Member of the Mississippi House of Representatives from the 32nd district
- Incumbent
- Assumed office March 18, 2019
- Preceded by: Willie Perkins Sr.

Personal details
- Born: Solomon Curtis Osborne May 6, 1948 (age 78) Minter City, Mississippi, U.S.
- Party: Democratic
- Children: 4 (1 deceased)
- Education: Tougaloo College (BA) University of Illinois (JD)

= Solomon Osborne =

American politician

Solomon Curtis Osborne (born May 6, 1948) is an American attorney and politician serving as a member of the Mississippi House of Representatives from the 32nd district. He assumed office on March 18, 2019.

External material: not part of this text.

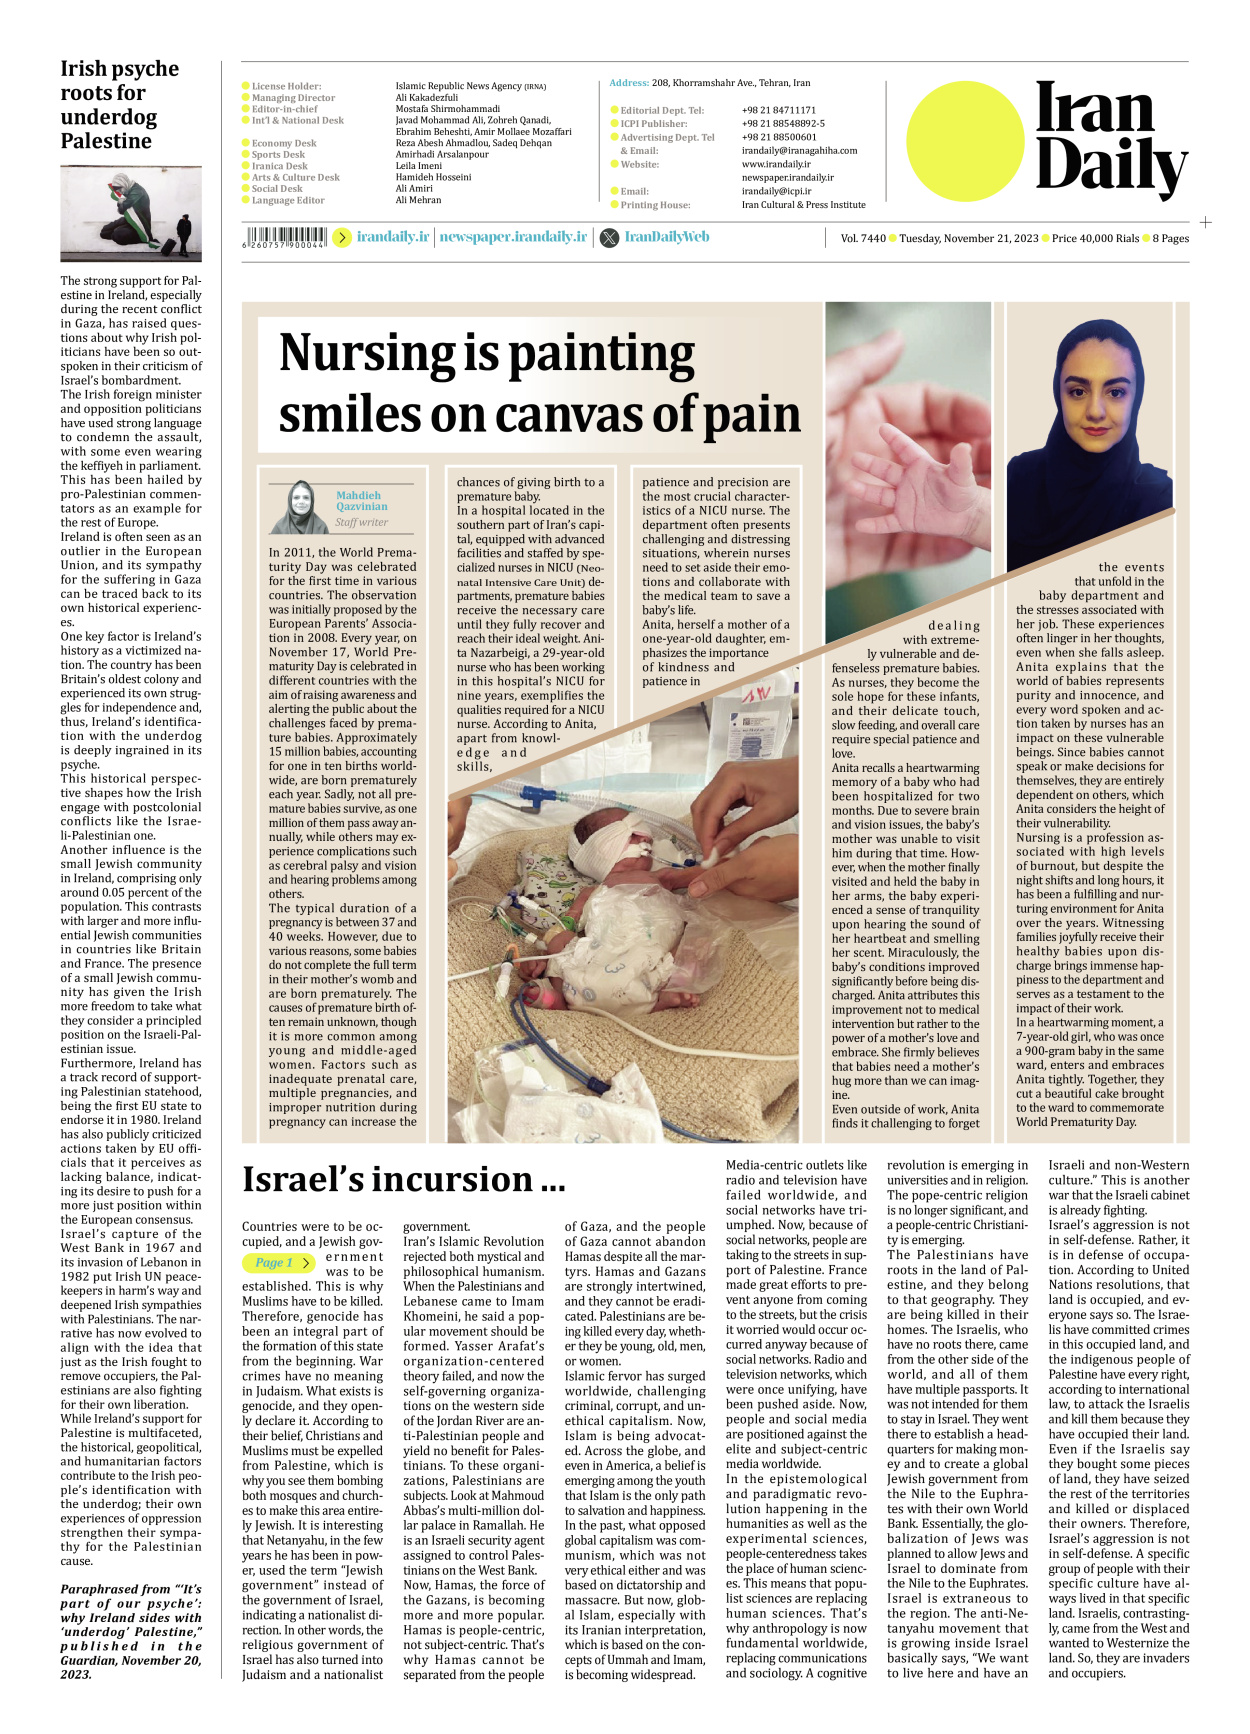 Iran Daily - Number Seven Thousand Four Hundred and Forty - 21 November 2023 - Page 8

== Early life and education ==
Osborn was born in Minter City, Mississippi. After graduating from Amanda Elzy High School, he earned a Bachelor of Arts degree in political science from Tougaloo College and a Juris Doctor from the University of Illinois College of Law.

== Career ==
From 1973 to 1978, Osborne worked as a staff attorney for North Mississippi Rural Legal Services. From 1978 to 1984, he was the executive director of Southwest Mississippi Legal Services. From 1984 to 1990, he was a senior attorney for North Mississippi Rural Legal Services. In 1989 and 1990, he was also a staff attorney at the Center for Constitutional Rights. Osborne later worked for the Leflore County, Mississippi Public Defender's Office and as an attorney for the Delta Correctional Facility Authority. From 1998 to 2001, he was a county judge. Osborne has been an adjunct professor at Mississippi Valley State University and Tougaloo College. Osborne was elected to the Mississippi House of Representatives in a March 18, 2019 special election.